**DATASET ENTRIES:**
Content starts
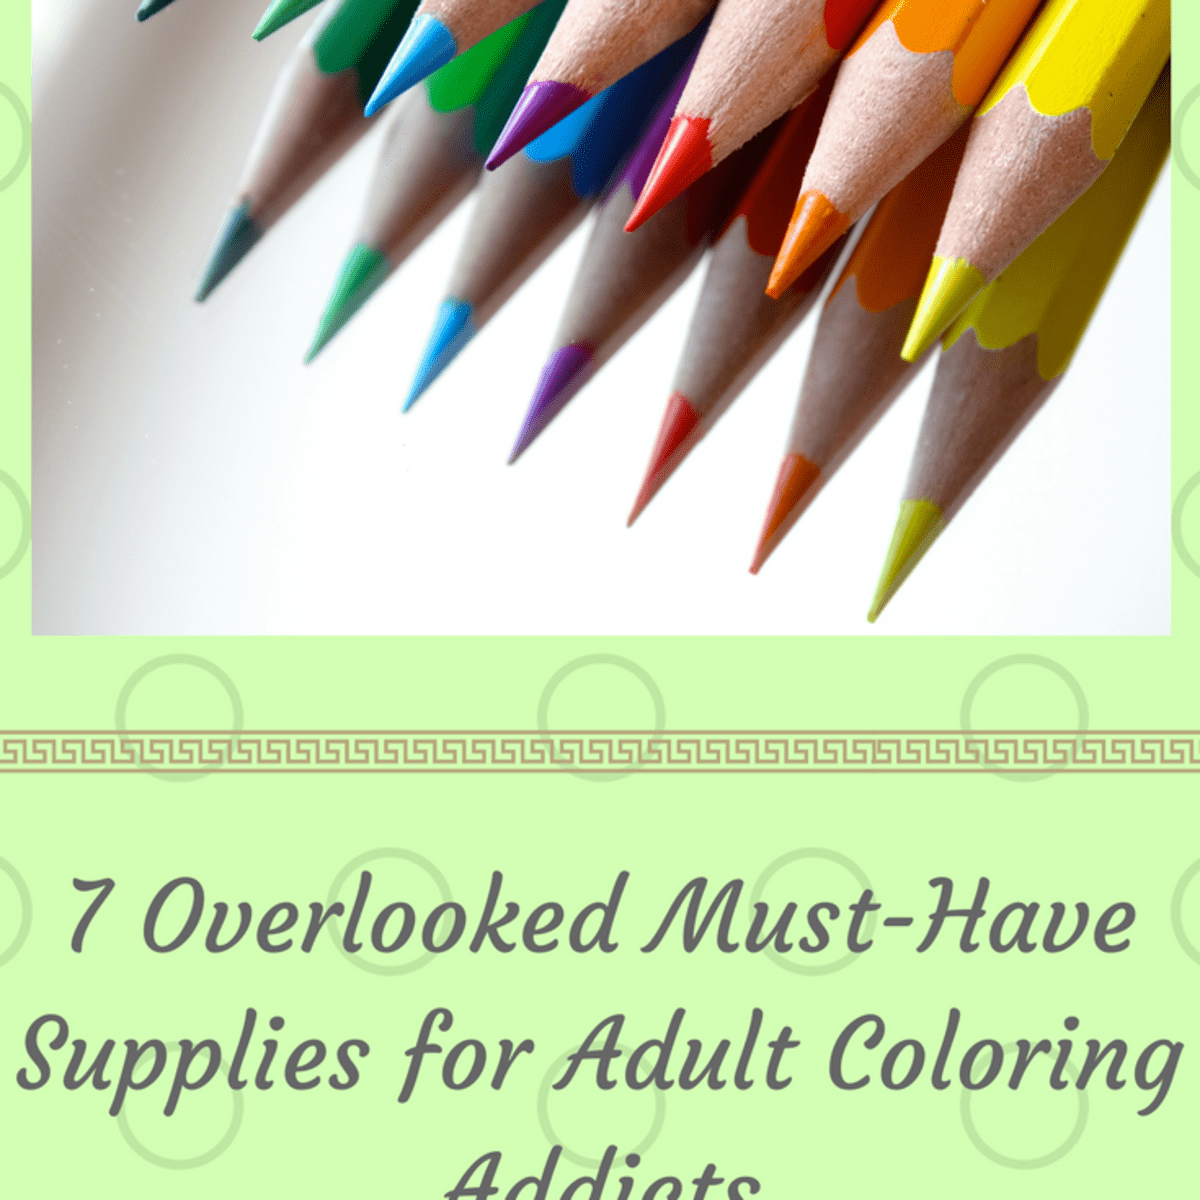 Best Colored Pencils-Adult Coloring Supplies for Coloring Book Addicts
Content ends
Content starts
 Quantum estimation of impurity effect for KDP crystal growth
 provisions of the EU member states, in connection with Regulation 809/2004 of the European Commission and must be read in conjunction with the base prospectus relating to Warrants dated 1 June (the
Content ends
Content starts
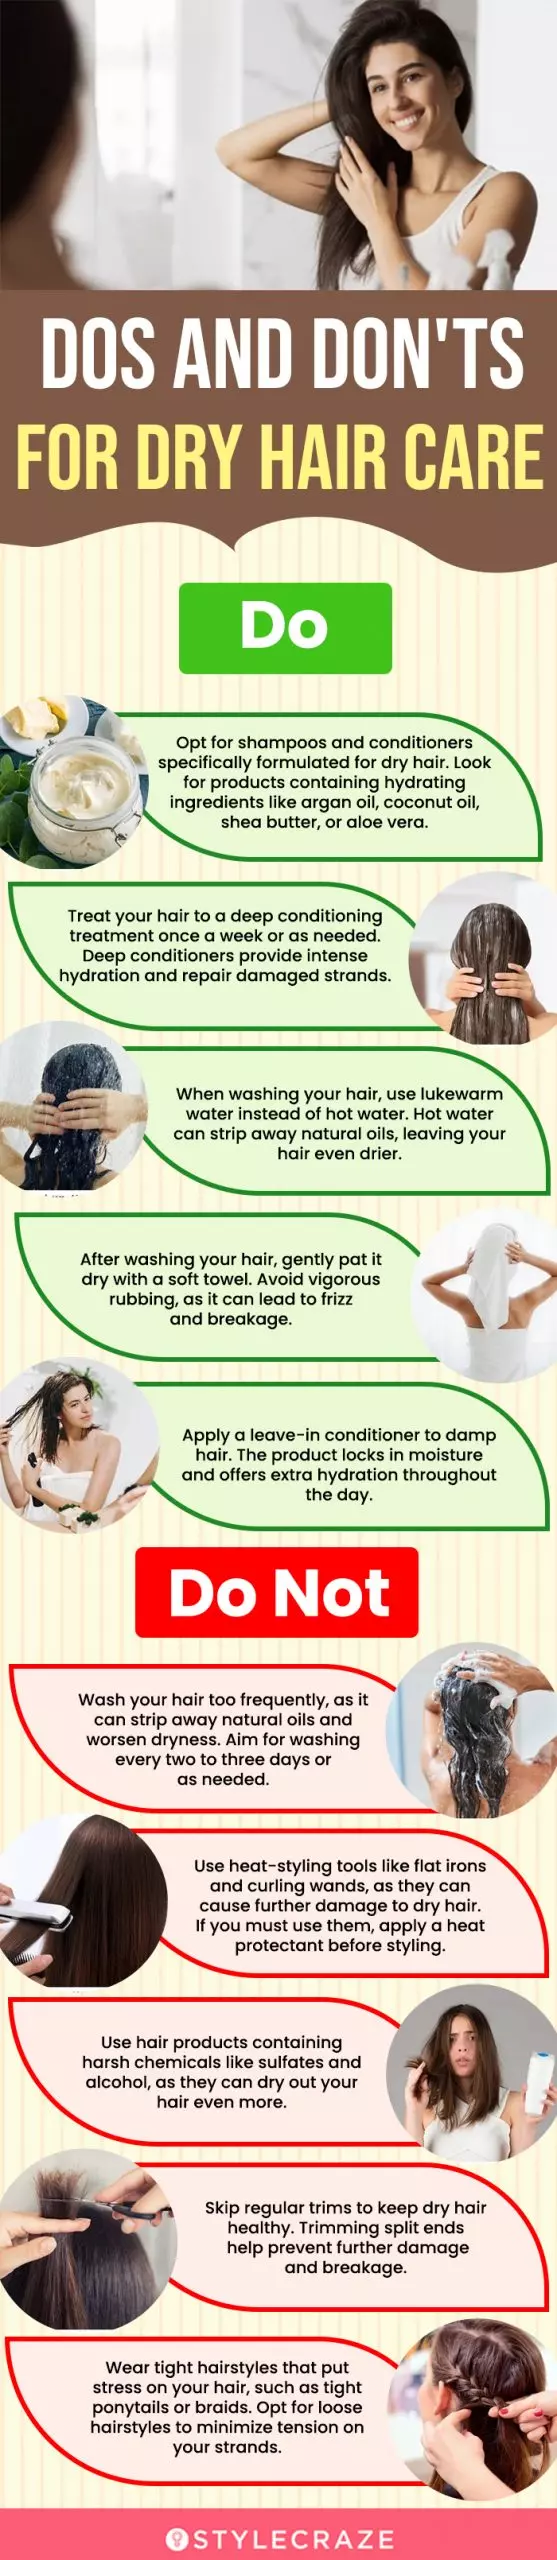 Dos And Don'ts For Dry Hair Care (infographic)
Content ends
**AIM OF THE EXERCISE:** The entries above hold the needed span. Transcribe exactly the lines from the one with "Quantum estimation of" to the one with "provisions of the", both included.

**SOLUTION TO THE PROBLEM:**
 Quantum estimation of impurity effect for KDP crystal growth
 provisions of the EU member states, in connection with Regulation 809/2004 of the European Commission and must be read in conjunction with the base prospectus relating to Warrants dated 1 June (the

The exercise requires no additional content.